Lim: “No prior bidding for Daongan”


AMID weeks of speculations over who the real owners and investors are behind the controversial “Daongan ed Dagupan”, Dagupan Mayor Benjamin Lim finally broke his silence on the issue.

Lim confirmed that the facility is owned by the city government and that no prior bidding was conducted for its construction citing the participation of a private contractor whom he declined to identify.

“The ‘Daongan’ is owned by government, so whatever expense attendant to the development of that should be shouldered by government,” Lim said in a radio interview by broadcaster Orly Navarro.

Lim asserted that there is nothing illegal in undertaking a government project without the requisite public bidding process “for as long as you don’t spend the money of the government and you don’t overprice”.

Lim said the money used to construct the Daongan came from the private contractor who “took the risk”.

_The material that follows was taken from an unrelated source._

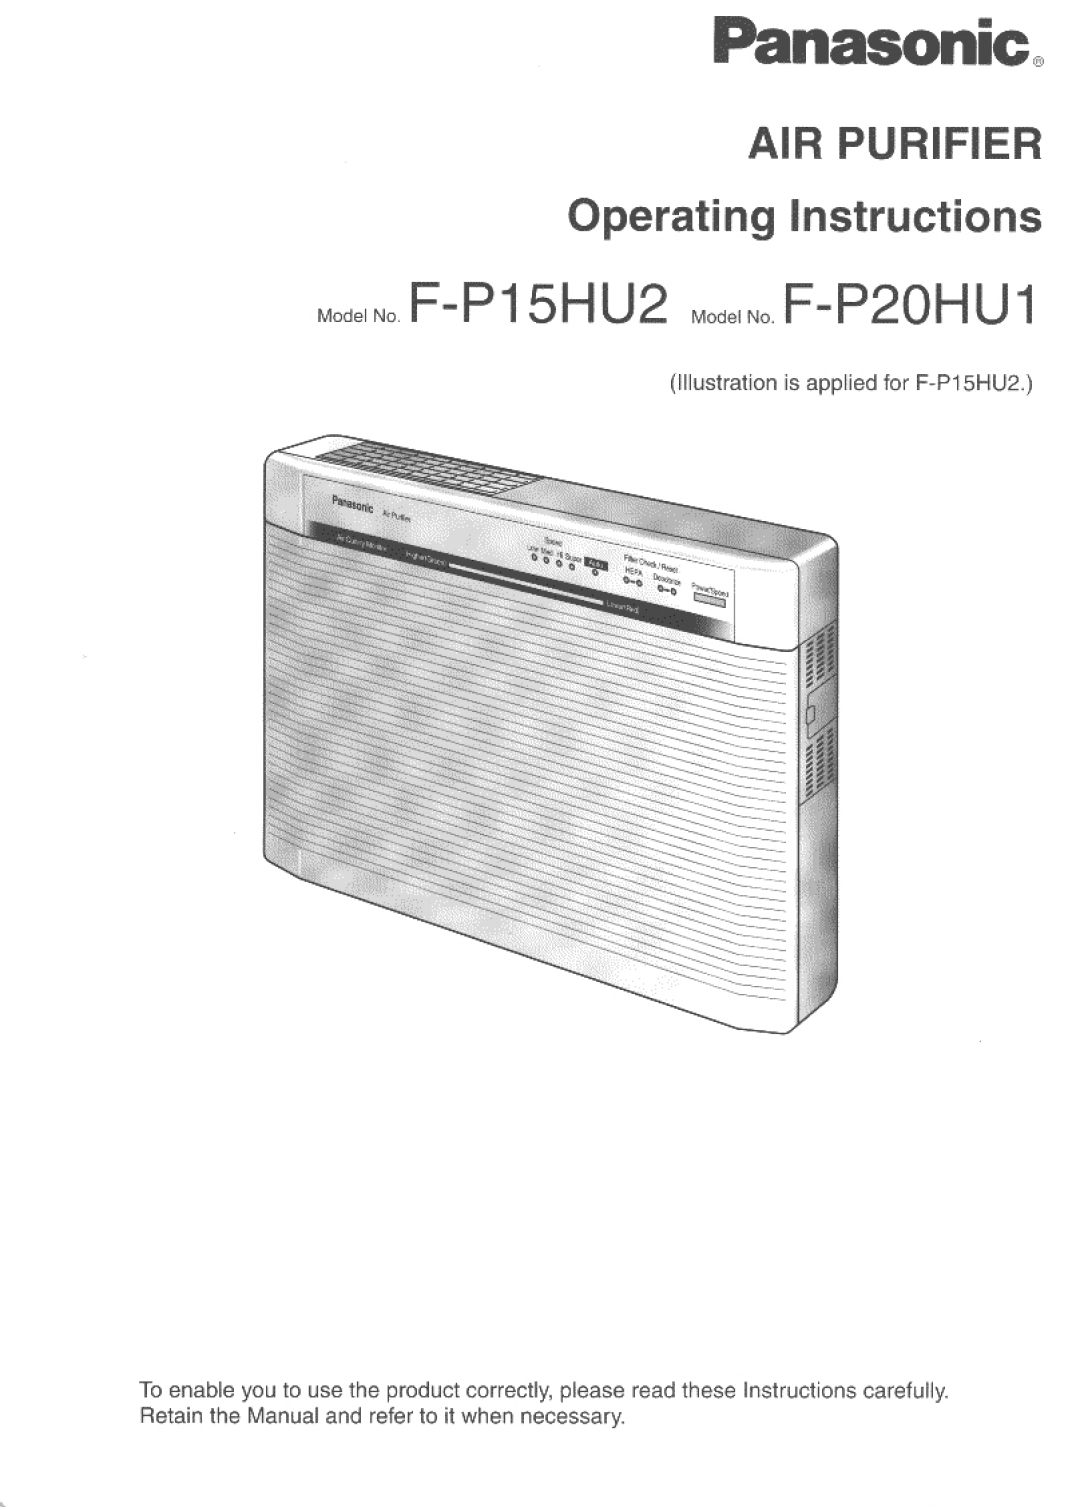 Panasonic F-P20HU1, F-P15HU2 manual

Daongan is the docking facility in front of the San Marino’s Place subdivision that serves the River Cruise tourism project that the Lim administration introduced early this year.

The mayor also shed light on the status of the ongoing construction of another facility on the opposite side of the bridge.

He admitted that development in the area is being undertaken by a private investor.

At the same time, he acknowledged that while the Daongan was built on government land, he said “not a single equipment from the city government was used”.

Wala pang kahit isang sentimo na ginastos ng siyudad sa project na yan. So, where’s the anomaly?” he said.


He continued, “Alam po ninyo, many government projects are done after the bidding. And that’s a fact. Even if you go back to the past city administration, you can find projects whose bidding were done after the projects had been completed.”

Public bidding is required by law for the implementation of prior approved projects of government units and agencies.

A post-construction bidding arrangement, Lim said, could fall under the concept of ‘value engineering’ wherein the value of the project can be assessed by going back to what it was before and what it is now.

However, Lim did not cite the legal basis for his claim and simply justified his initiative to conduct the bidding after the project had been completed.

Lim stressed that the bidding for the project is now being conducted because “it is my obligation that the contractor whom I convinced to do the project will be paid.”

Should the contractor lose in the bidding and will not be paid, the city can still use the project, Lim explained, but quickly added, “Pwede natin maging atin ito na hindi nababayaran ang contractor but morally, is that correct?”

Lim also claimed that since the Daongan is an “enterprise development project”, it is under the discretion of the city executive and, therefore, did not require an approval from the Sangguniang Panlungsod.